## EXERCISE DETAILS:
Leave out the pictures and output the data verbatim.

## DATA PROVIDED:

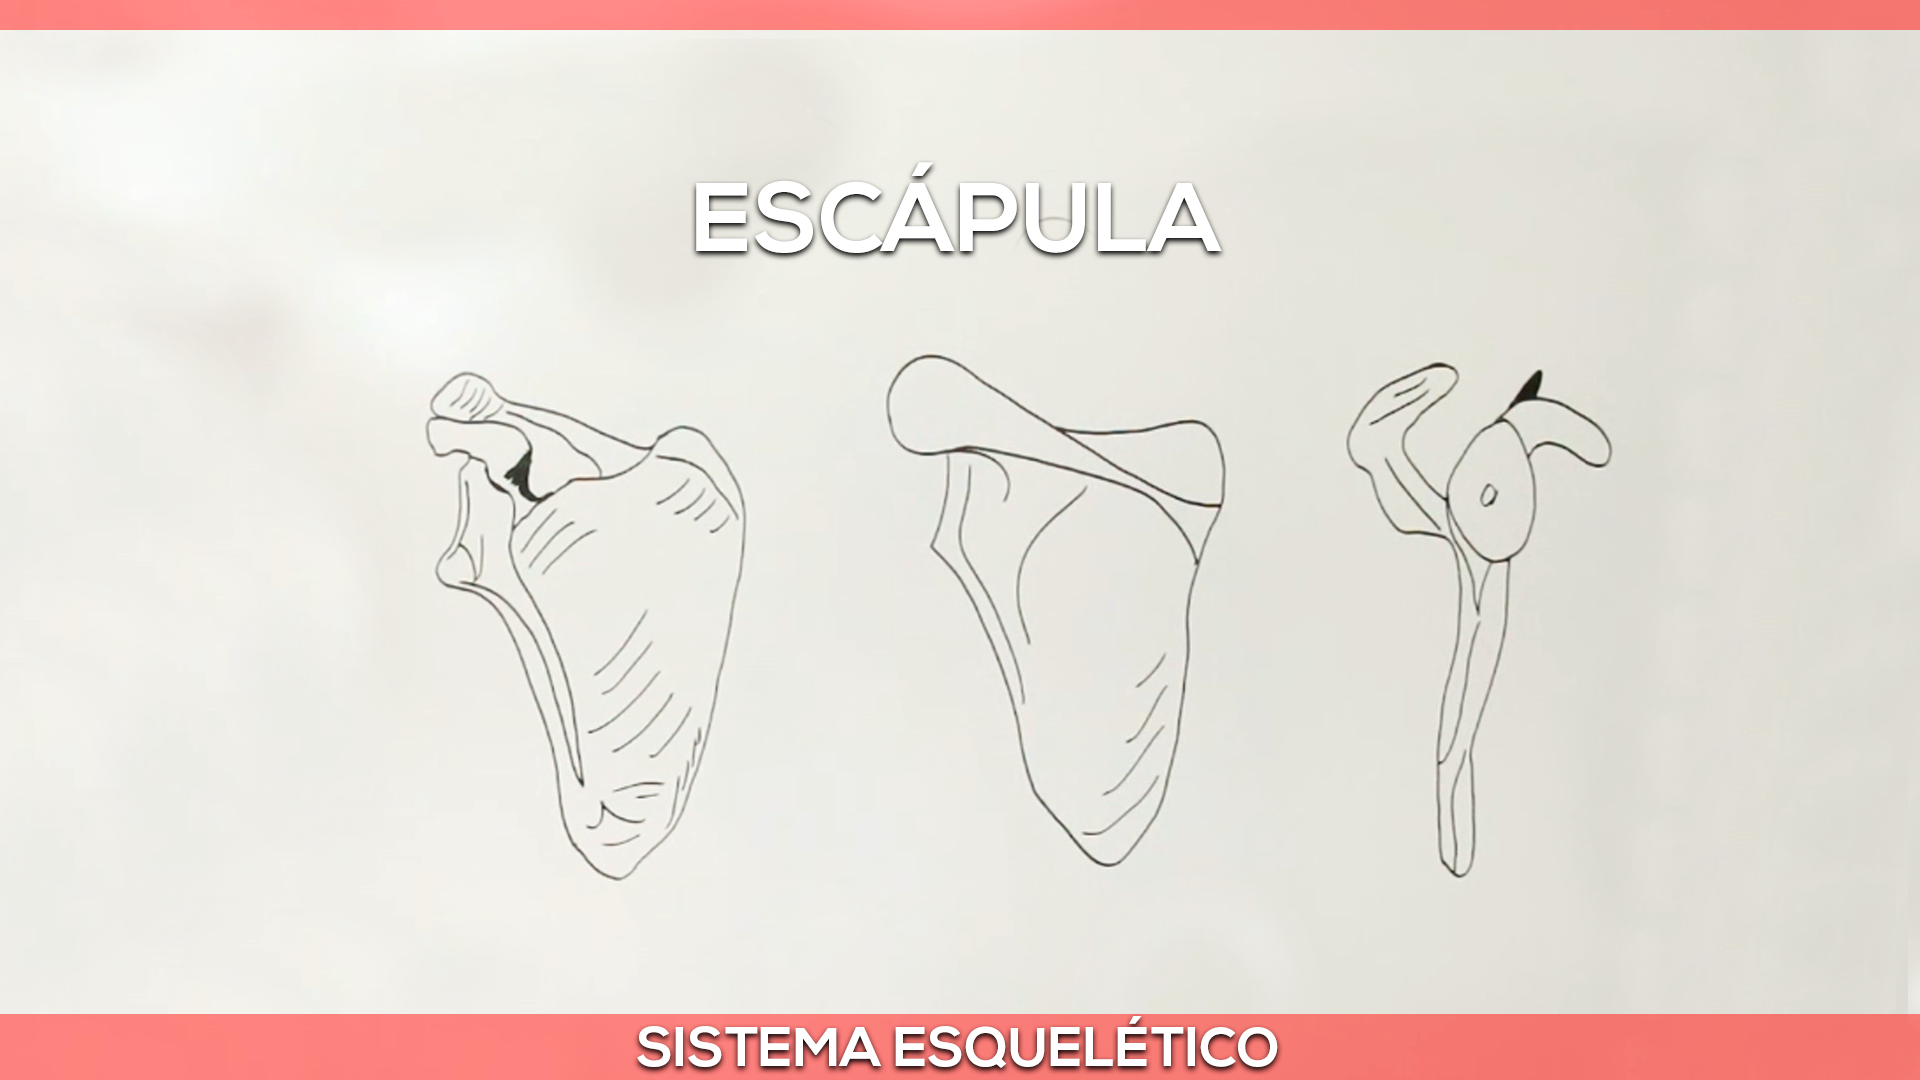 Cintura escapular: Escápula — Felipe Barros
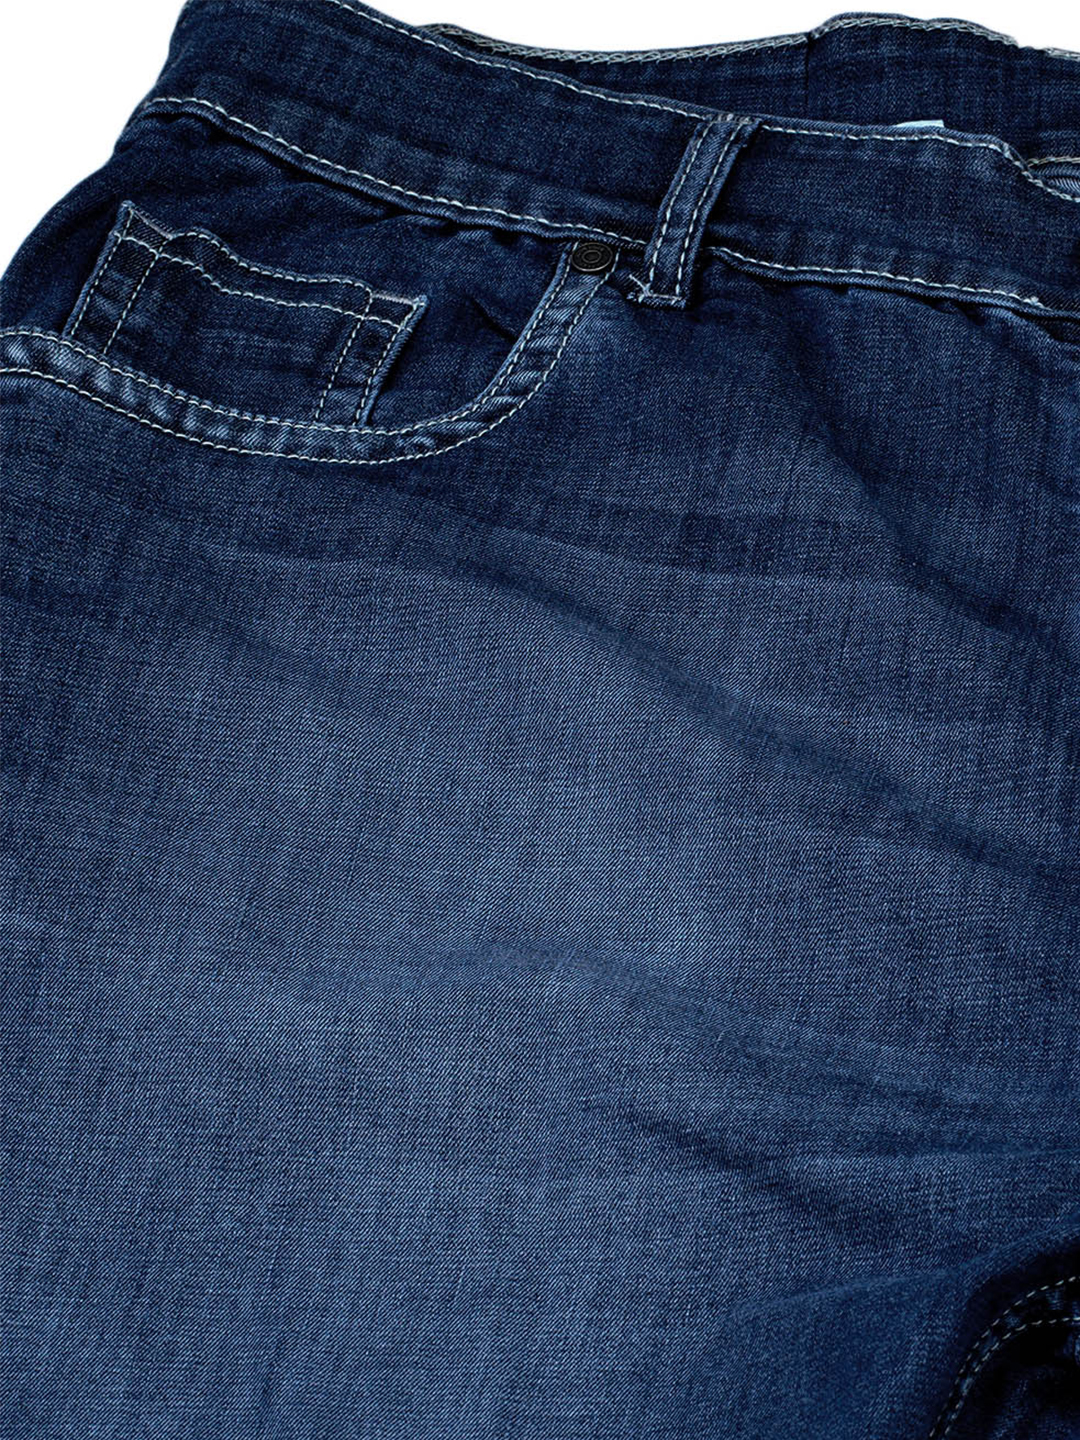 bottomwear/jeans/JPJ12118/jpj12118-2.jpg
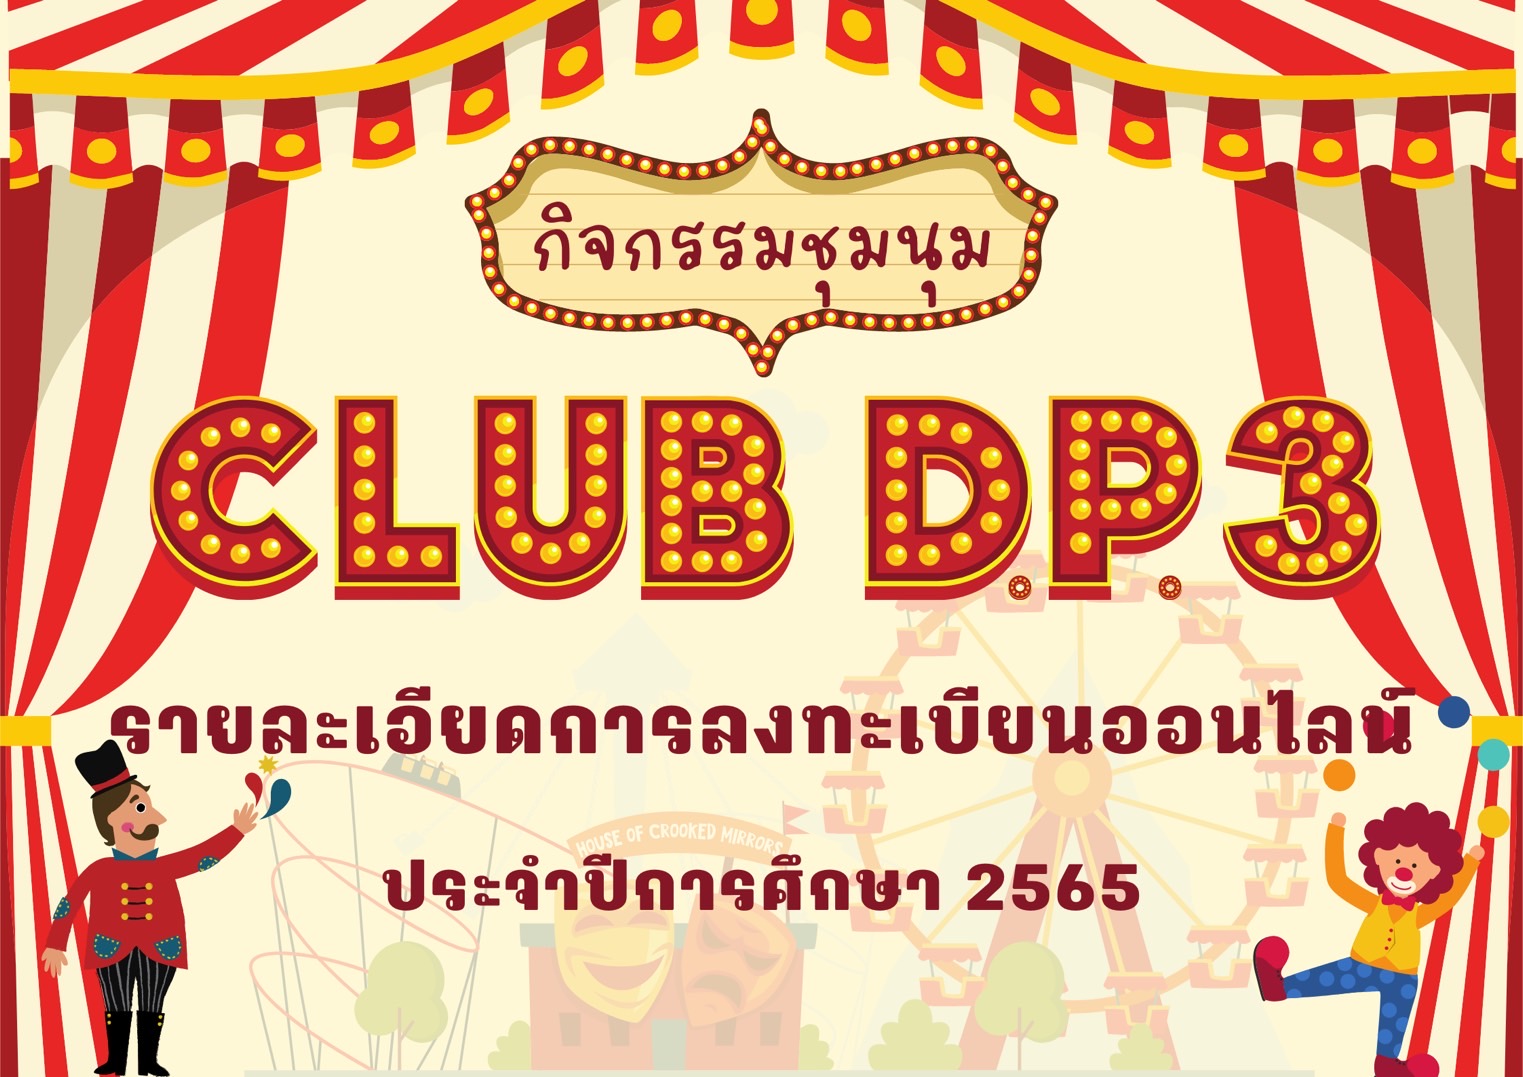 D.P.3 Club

## TASK ANSWER:
 Cintura escapular: Escápula — Felipe Barros
 bottomwear/jeans/JPJ12118/jpj12118-2.jpg
 D.P.3 Club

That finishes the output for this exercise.